Contergan ruling: Victims should not receive double benefits

Living with disability
Are people affected by thalidomide allowed to receive aid more than once? The Federal Constitutional Court says no

A bottle of the sleeping pill and sedative Contergan in a display case in the German Museum

© Frank Leonhardt / DPA

Thousands of children were born with deformities because of the sleeping pill Contergan. A man wanted to have various compensations taken into account – and now failed in court.

Contergan victims have to accept that foreign aid is counted towards the capital compensation according to the Contergan Foundation Act and the Contergan pension. With a decision published on Wednesday in Karlsruhe, a thalidomide victim living in Ireland was unsuccessful before the highest German court.

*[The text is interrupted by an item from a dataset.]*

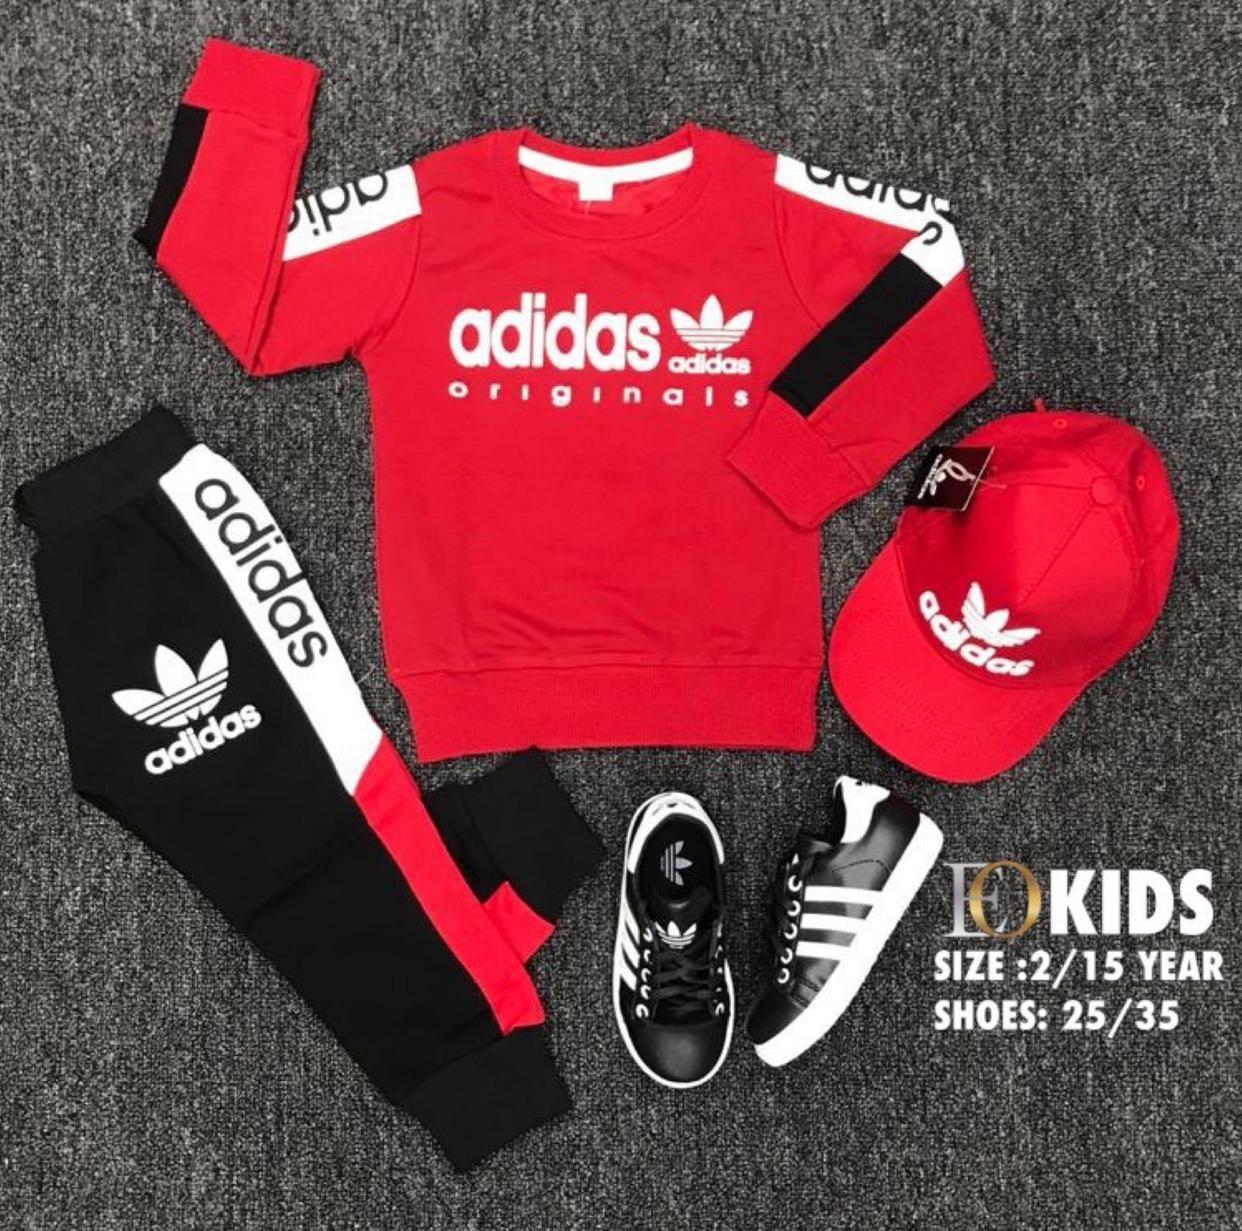 A05bd189 935c 4197 Acd2 E40d6ccf7949 Kids Activewear Boys Clothes Style Kids Outerwear [ 1231 x 1242 Pixel ]
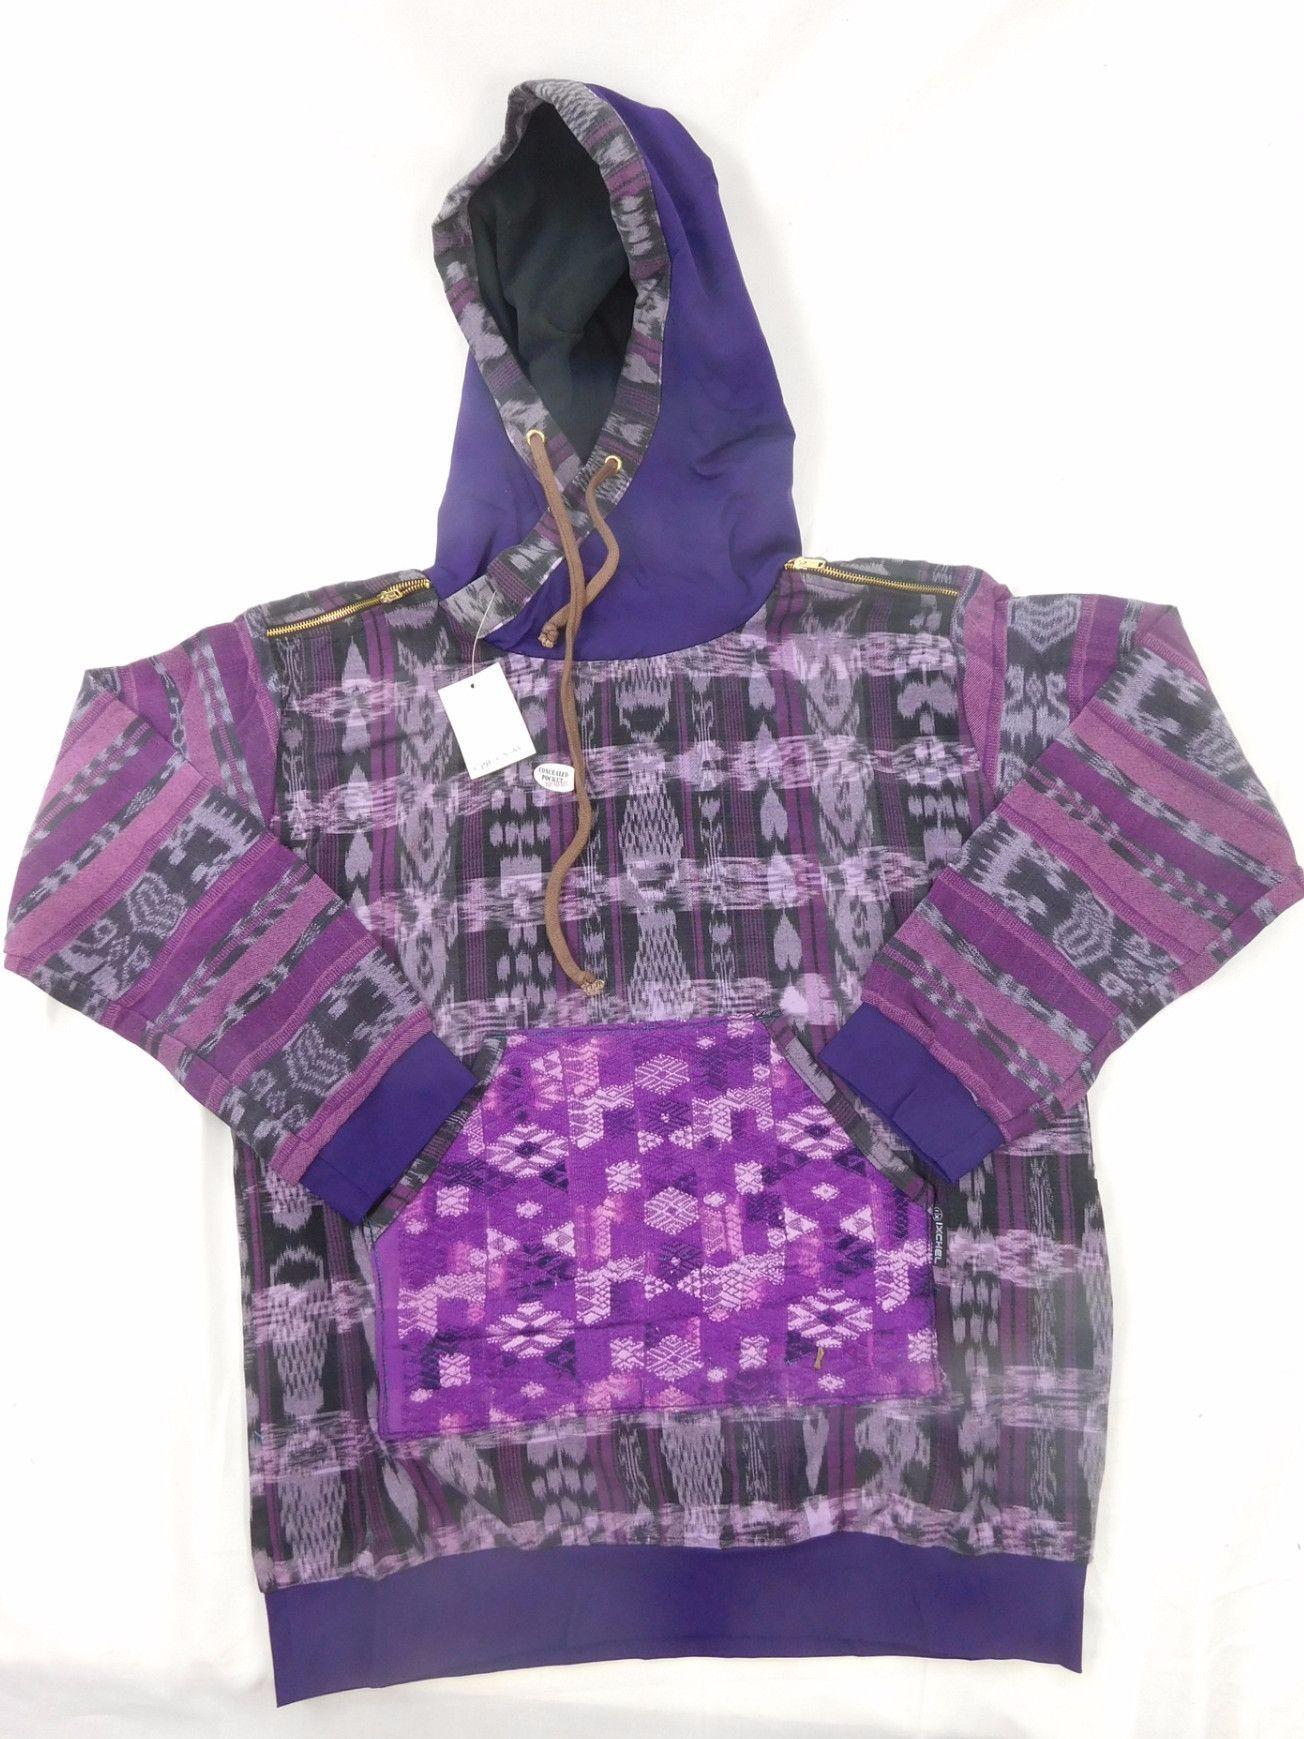 Hand woven cotton hoodie street wear styled

Between 1958 and 1962, around 10,000 children worldwide were born with severe limb deformities and other physical defects, often with shortened arms or legs – their mothers had taken the thalidomide-containing sleeping pill and sedative Contergan from the German pharmaceutical company Grünenthal during pregnancy.

Contergan victim loses court case

Since 1972, the state Contergan Foundation has been making pension payments and other benefits to people affected by thalidomide at home and abroad. The plaintiff from Ireland receives benefits from the Irish state in addition to the German thalidomide pension because of his thalidomide damage. These payments have been offset against his thalidomide pension since 2013. He went to court against this.

The Federal Administrative Court referred the matter to the Federal Constitutional Court. That decided: The challenged passage of the law on the Contergan Foundation for Disabled People (Contergan Foundation Act) is constitutional. The offsetting regulation does encroach on the property rights of thalidomide pension recipients. However, the intervention is justified. “The regulation prevents double benefits and thus avoids impairment of the equality of benefit recipients,” said the Federal Constitutional Court (1 BvL 6/21 – decision of November 21, 2023).